普通のものに比べれば疲労はたまりにくいのだが、ベッドで寝ているわけではないため、なかなか疲れは取れない。
だからこそ、早急にこの辺りを浄化し、人を迎え入れられる環境を整えておくことが大切だった。
(手紙のやり取りはできないけど……恐らくイアンお兄様がプロセルピナ神殿に行って、私が海に来たことをアレットあたりから聞いていると思うのよね)
兄妹だからなのか、お互いの動きが手に取るようにわかる二人。
さすがである。
「あなたたちは、ここで今まで通り火の番をお願い。そろそろ拠点になる場所が欲しいから、この辺りを少し探索してくるわ」
アンネリーゼはそれだけ伝えると、ケルネリウスと一緒にその場を後にした。
歩き続けること数分——。
キャンプ地からそれほど離れているわけではないが、存在感のある“それ”が目に入った。

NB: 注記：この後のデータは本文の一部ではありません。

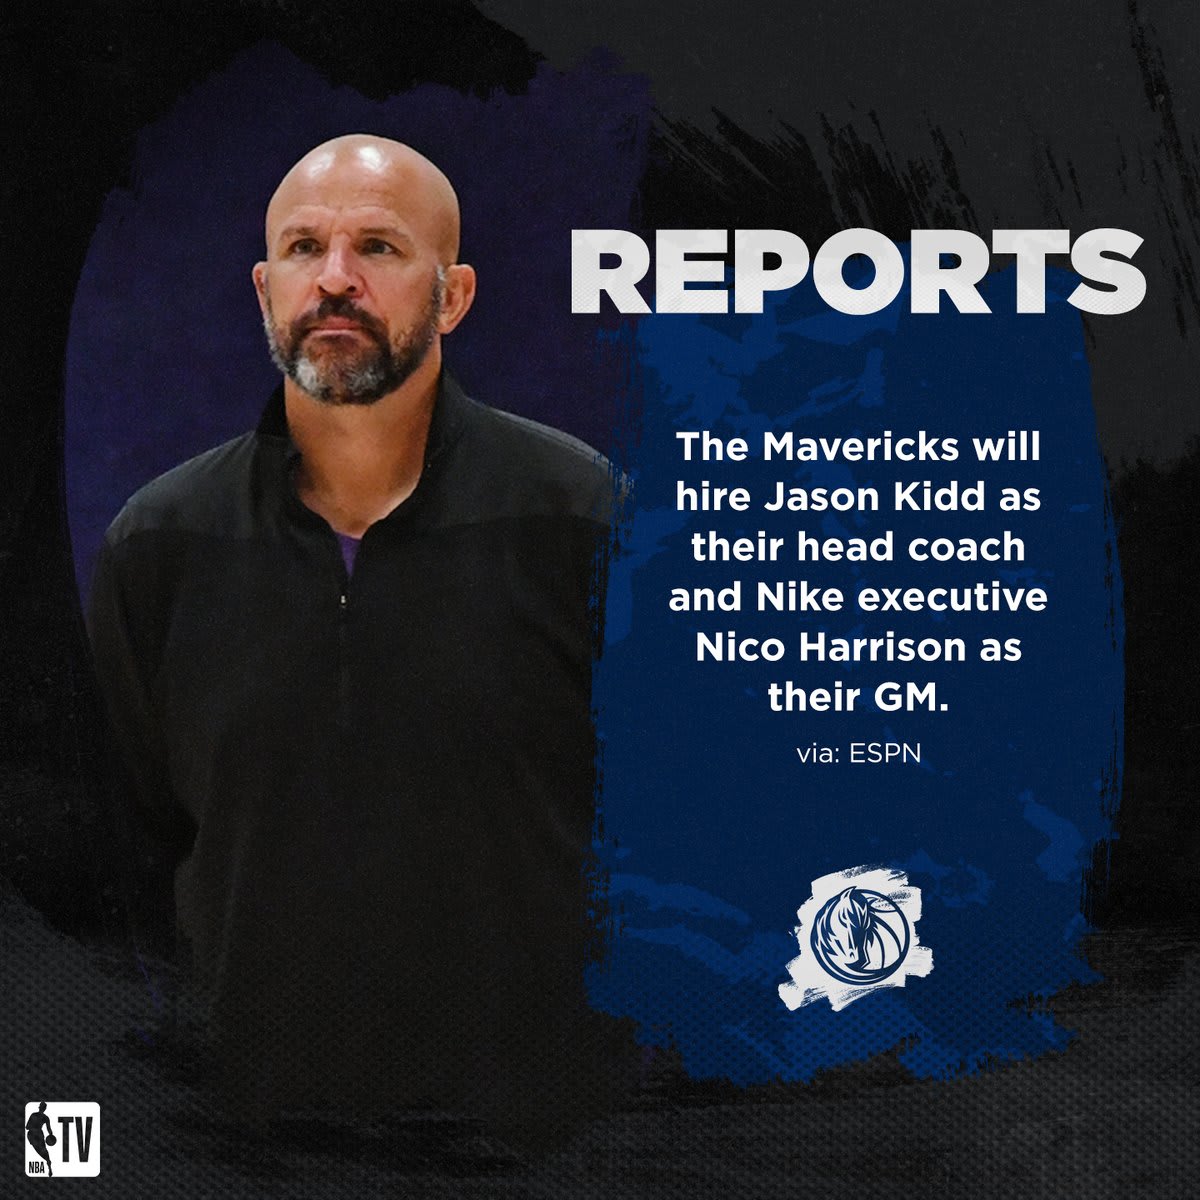 Jason Kidd and Nico Harrison are joining the Dallas Mavericks as head coach and GM

「リース……昨日まで、あんなものあそこにあったかしら?」
指し示す方向へ目を向ければ、海の真ん中に、昨日まではなかったはずの大きな島が出来上がっている。
「……いや、なかったはずだ。少なくとも俺は見ていないぞ?」
「やっぱり……? なかったわよね」
一日であそこまで巨大な島が出来上がるだろうか……。
楕円形のような形をした大きな島と、それに連なるように小さめの丸い島。
「んふふ……まるで、亀みたいね」
「亀……って、あの物語に出てくる亀か!?」
ルシフェール国には亀は存在しない。
物語の中で亀が登場する話はあるが、実在はしておらず、見たことのある人はほとんどいなかった。むしろ伝説の魔物とまで言われるほどだ。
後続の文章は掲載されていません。